As you see, I deleted the post. However, I also feel your ad hominem back to me was not in the spirit of respect as well. I understand that you may have been offended, and as I stated, that was not the intent. It goes both ways. If you felt it was over the line for this forum, that is all you needed to say. Instead, you give a smart remark back, as did AZZ. What the heck is "Beefy" anyway? Also, I don't see as my editing the comments and answering your remark was trolling. The replies back are as offensive as anything I said.

I am 100% for a welcoming community. As I mentioned, I work for human rights on several levels, including some feminist causes, some freethought causes, and children's issues among others. I imagine I have done more for women's rights than most anyone here.

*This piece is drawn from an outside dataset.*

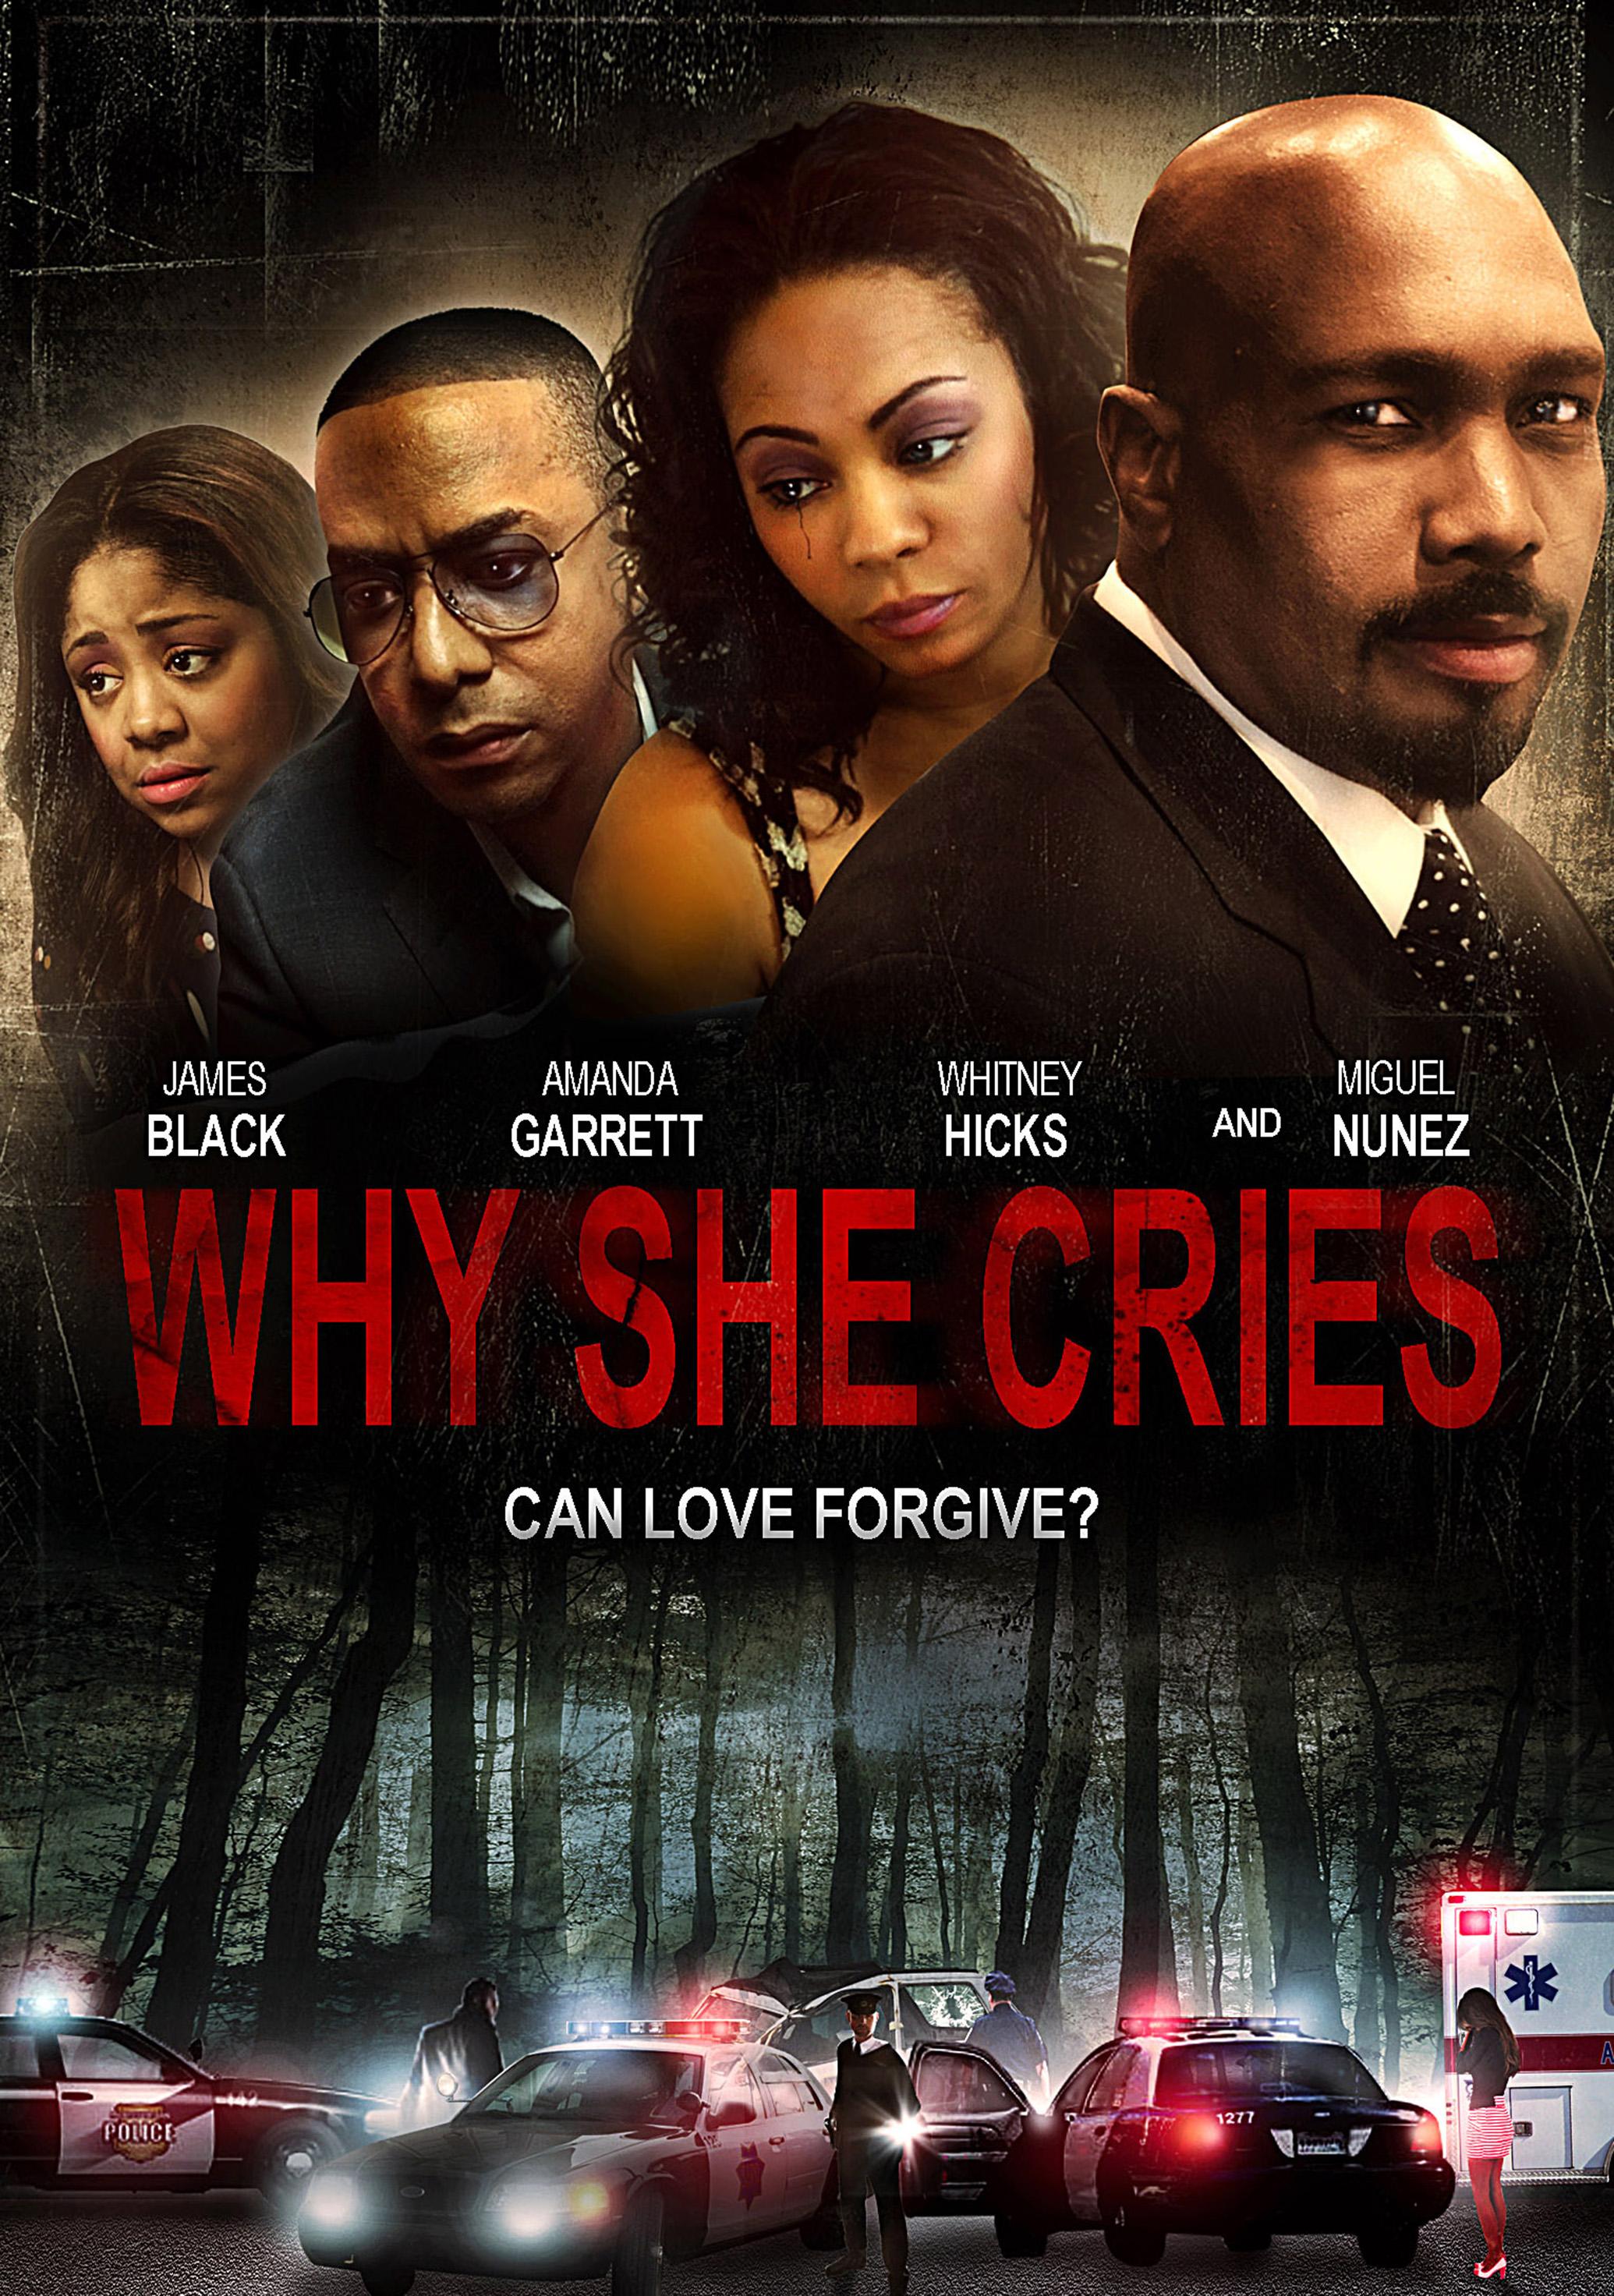 Why She Cries

In any case, I don't know what else you expect. I removed the potentially offending post. I hope that more women will use Ubuntu, as I believe it to potentially be the best distro I have used, and look forward to hearing their perspectives. Female voices are still too few in the Linux world.  Therefore, I ask that you  take this as it is intended. . . we agree to disagree, and move on from here. I have taken the high road by deleting the post you were upset about. I am sure that Panicked Thumb didn't intend this particular section to digress into a flame war by starting the thread. My attempt at giving folks a few smiles along the way apparently upset some, which was never what was intended. And to answer your question, no, I didn't think it would offend anyone.  

Anyway, lets move on from here.

----------


## TravisNewman

To chime in here, I don't think there were any malicious intentions by Nu-buntu, but I do see the potential for some to find it offensive. On the forums, you can't hear sarcasm very well, and we all miss that sometimes and come off in a way we never meant to. So it was a mistake in assuming that people would understand the sarcasm, for which he'd apologized, so it's no big deal at all to me. Let bygones be bygones.

I am going to prune this into a new thread, however, and then lock it, so that nobody has the chance to bring this back up again.

----------


## poofyhairguy

> I have also edited out the original post, since apparently humor doesn't come across well in this medium.


I get in hot water for this ALL THE TIME!!!!!

----------